## Available data
□ □ □ □ □
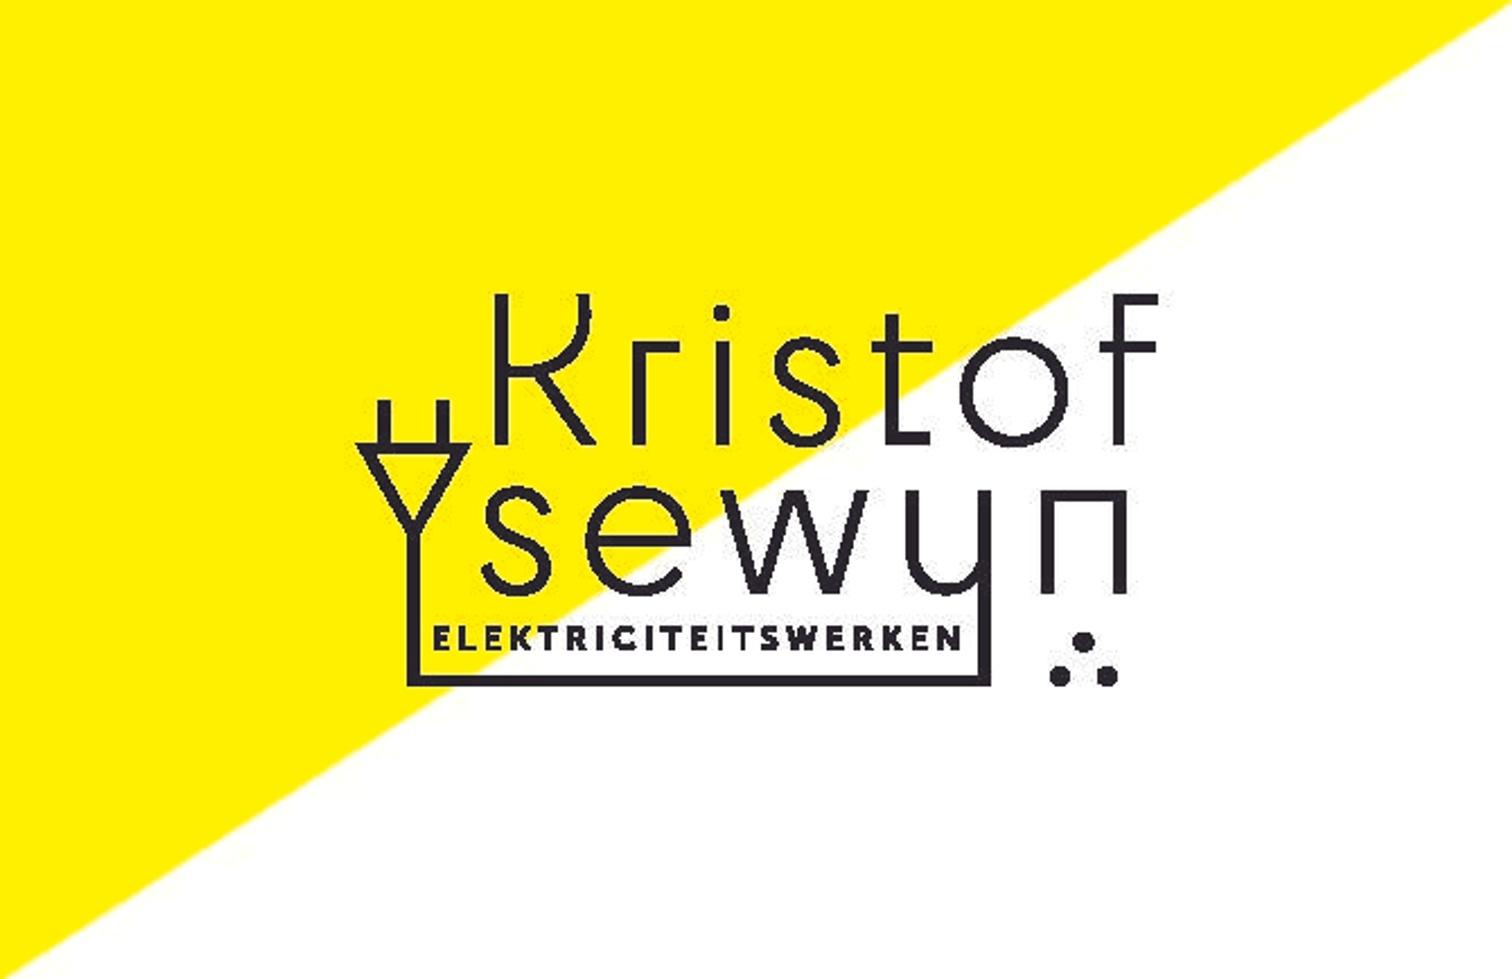 logo Elektriciteitswerken Kristof Ysewyn
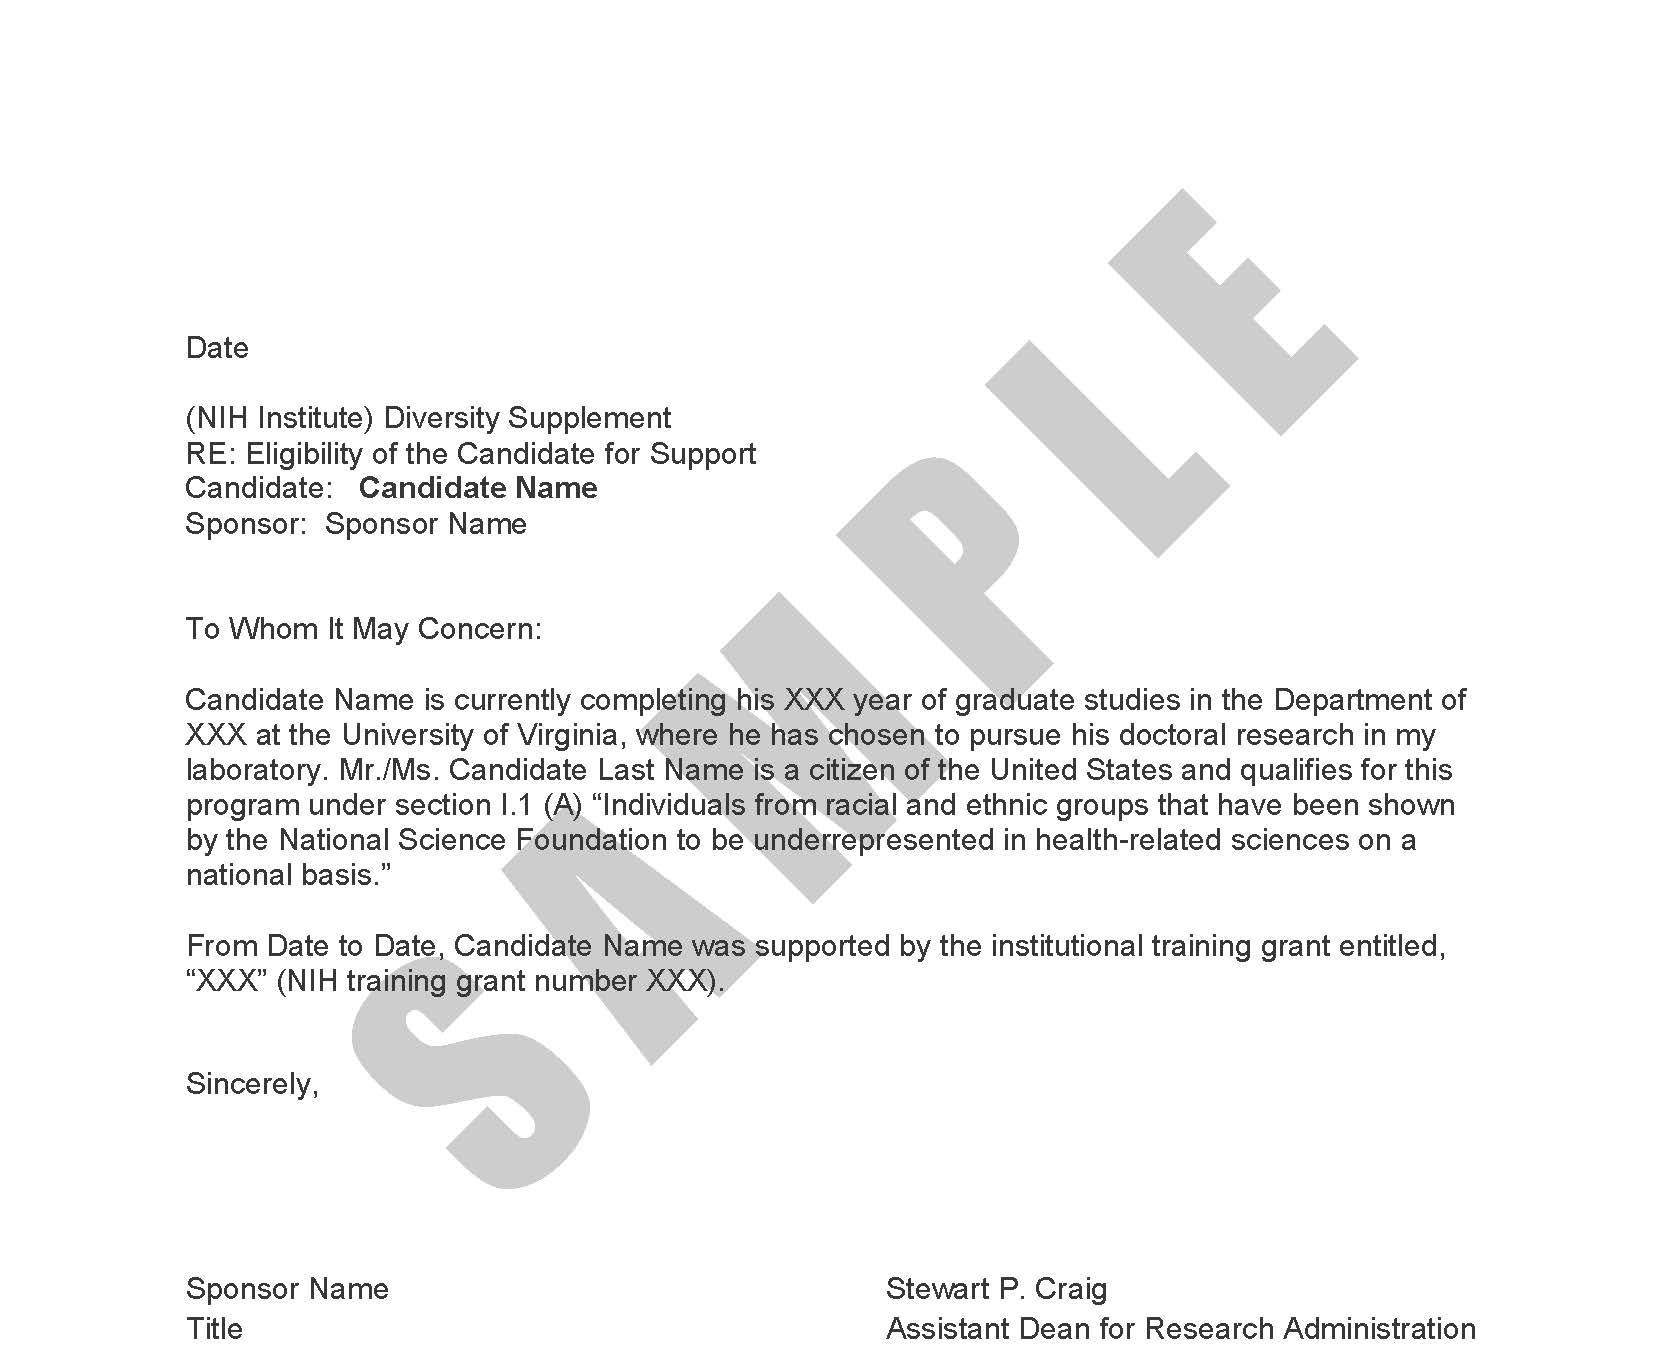 Grant Letter Of Support Sample from med.virginia.edu
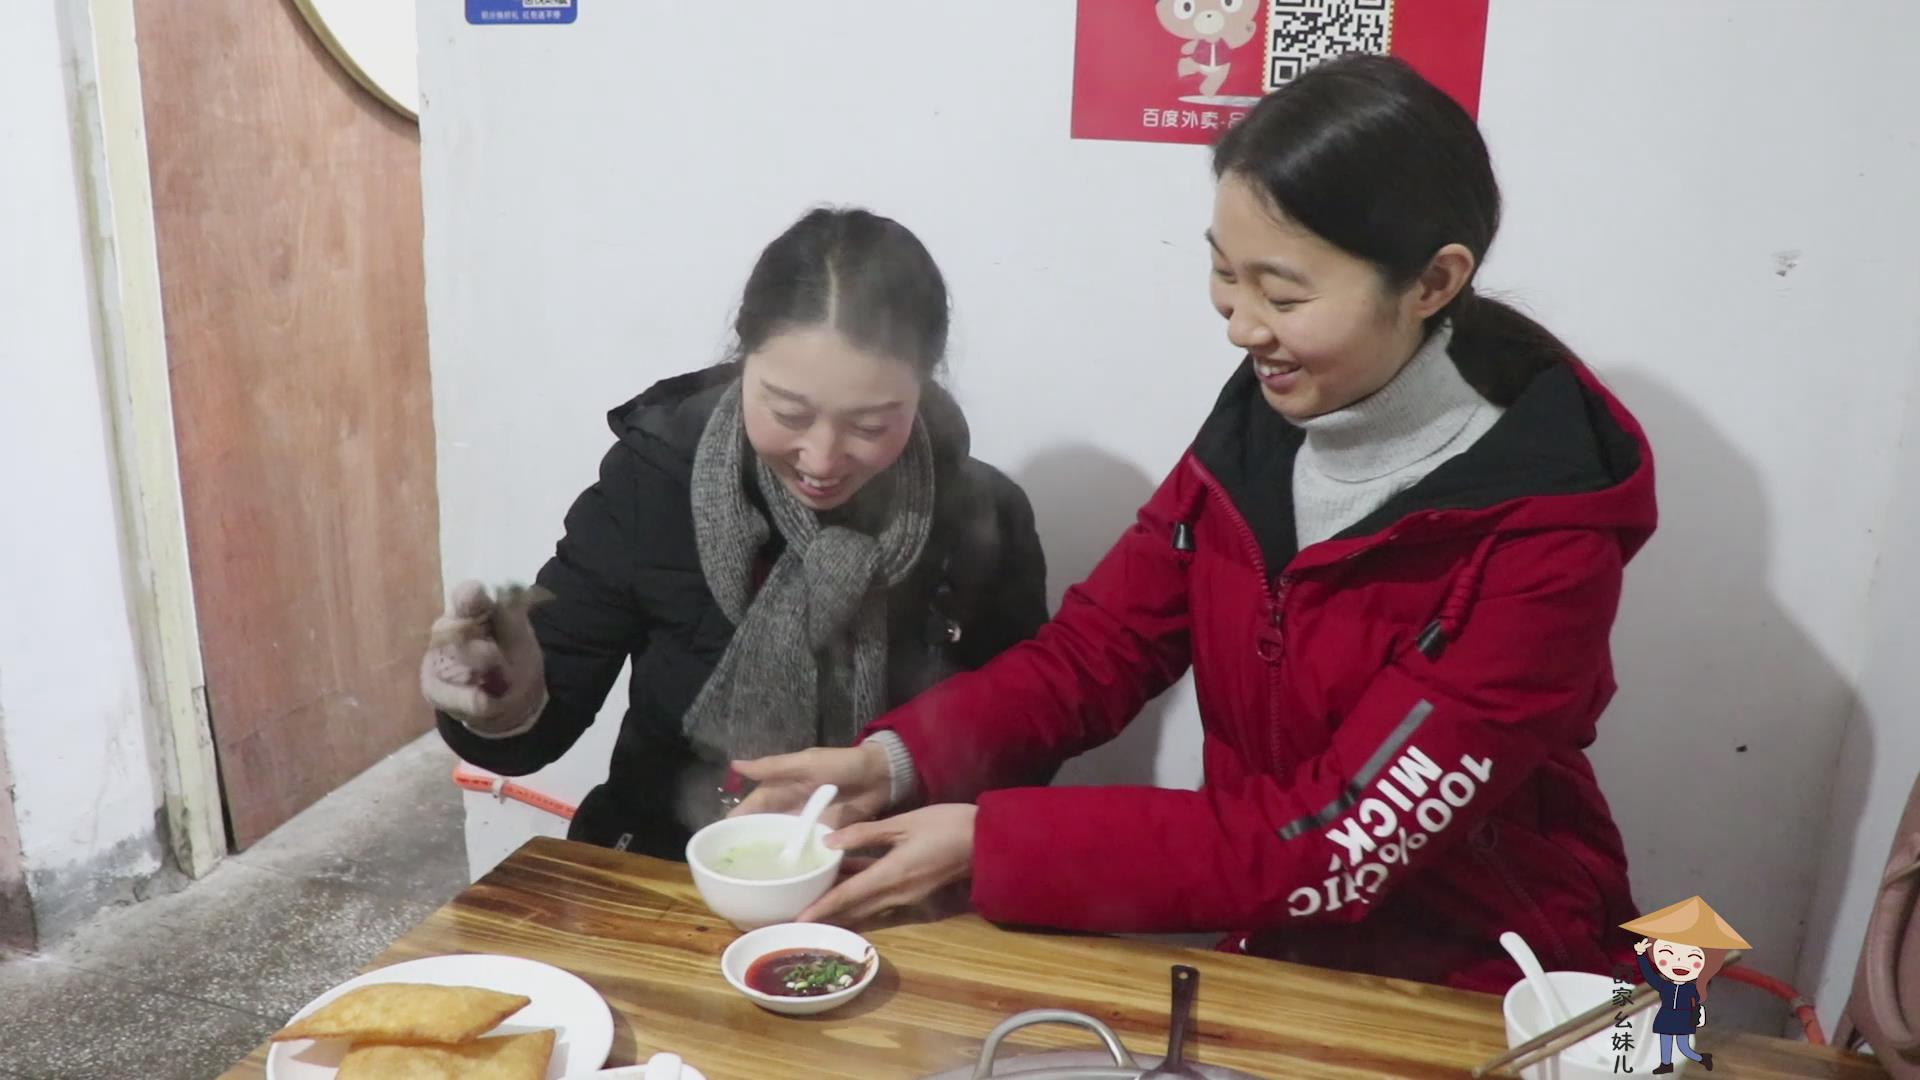 冬至没喝到羊肉汤,表妹请幺妹儿搓一顿补起,热乎乎的太过瘾了
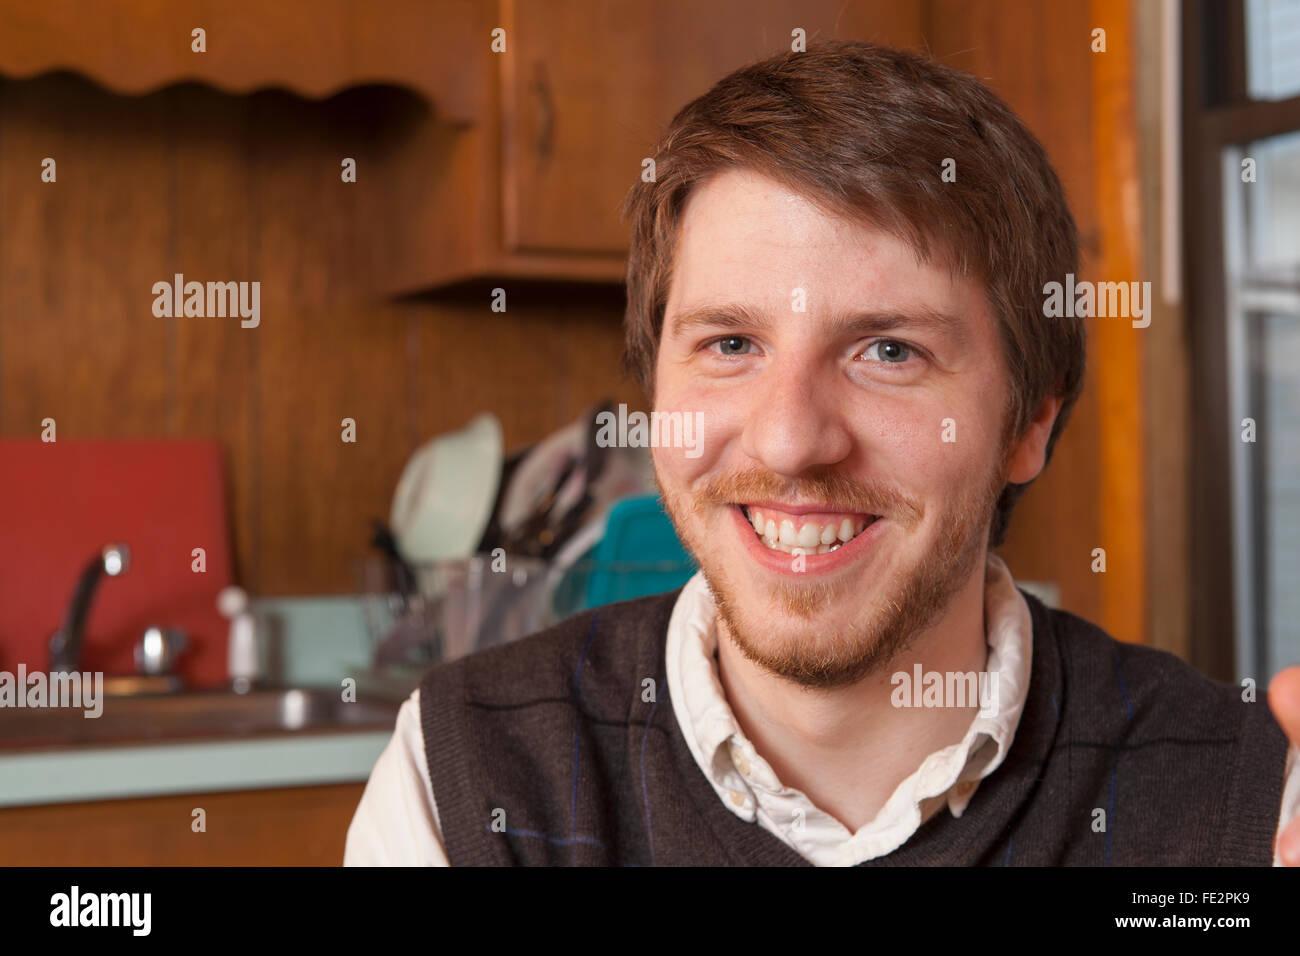 Blinde Jüngling in seiner Küche sitzen und Lächeln Stockbild
□ □ □ □ □
Without the pictures, output the full listing exactly as it stands.

## Written solution
 logo Elektriciteitswerken Kristof Ysewyn
 Grant Letter Of Support Sample from med.virginia.edu
 冬至没喝到羊肉汤,表妹请幺妹儿搓一顿补起,热乎乎的太过瘾了
 Blinde Jüngling in seiner Küche sitzen und Lächeln Stockbild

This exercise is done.